Using our uMove toolkit, which relies on open source data, we were able to review a large study area in a few short days and prioritise improvements based on key journey metrics and walkability analysis. Stakeholder engagement was central to the study, helping to make sure that there is both local and wider stakeholder buy-in to the proposals coming forward.
Project Summary
100s of kilometres of streets analysed for walk quality
30,000buildings analysed to estimate footfall demand
70%increase in walking and cycling trips into the city centre by 2040 targeted
Analysing city walkability
The study area for the project covers the entire city centre of Manchester. On a tight programme, MCC needed a fast and efficient method to understand the locations that improvements would provide the most impact. To do this, all of the streets within the city centre needed to be assessed in an efficient and consistent way. Arup’s new urban modelling toolkit, uMove, offered a unique and robust method to do this.
Using data to better understand pedestrian mobility
uMove is our new, digital and data-driven toolkit developed to better understand pedestrian mobility and travel demand in cities and public realm around the world. We believe in a human-centric approach that can truly recognise the needs and experience of everyday lives and uMove can examine key mobility and land-use metrics to understand this, such as urban vitality, productivity, wellbeing and equality.

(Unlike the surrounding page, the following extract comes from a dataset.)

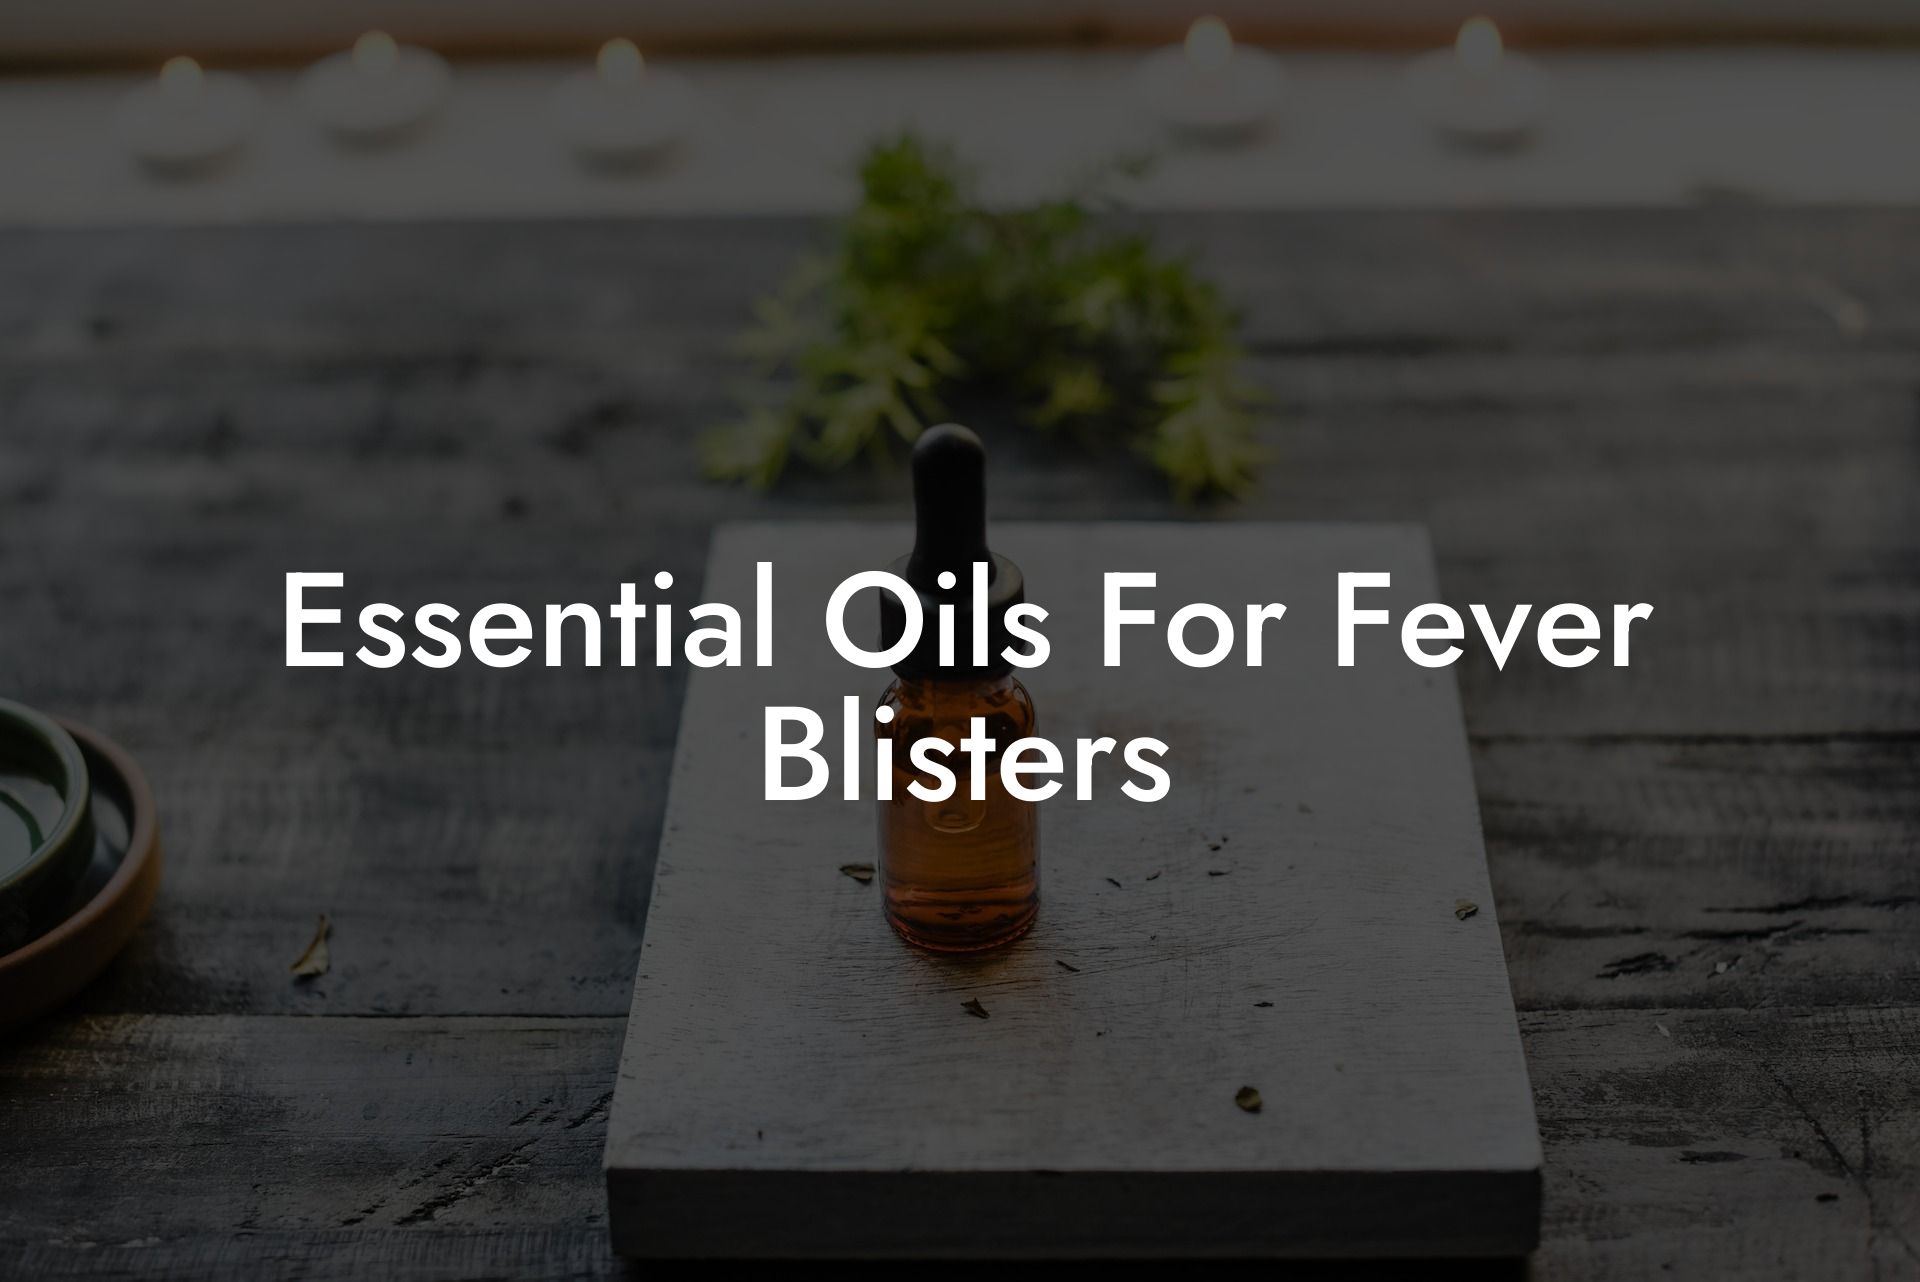 Essential Oils For Fever Blisters

Our toolkit uses rich spatial data to answer the key questions that influence our planning decisions: Why do people travel? When do they travel? Where do they go to? How do they travel? The toolkit generates quick and flexible analysis without the need for detailed data collection. In a few short days, uMove enabled our team to analyse and prioritise hundreds of kilometres streets – demonstrating its ability to provide a rapid approach to surveying.
An evidence-driven approach
Another benefit of using uMove was the evidence-base it provided for the project outcomes. A person’s experience of a street is shaped by their own personal needs and abilities – Do they feel confident crossing a road? Do they have any accessibility needs? What is their gender? How old are they? – Applying the uMove toolkit took subjectivity out of the analysis and provided the consistent and objective assessment our client was looking for.
Enabling more people to walk will support ambitions to reduce the amount of traffic in the city, providing air and noise quality improvements and making the city centre a safer environment for people to move around in. These environmental benefits will benefit specific groups in particular such as children and older people, making the city centre a more equitable and inclusive space.
uMove: providing ongoing value
The project team has established a scalable methodology for MCC that can be repeated in future for small neighbourhoods or at a city scale. The uMove analysis is able to provide MCC with an ongoing pipeline of priority locations for enhancement as and when funding for projects arise. The prioritisation is automated so can be quickly updated when significant changes and developments arise as the city evolves.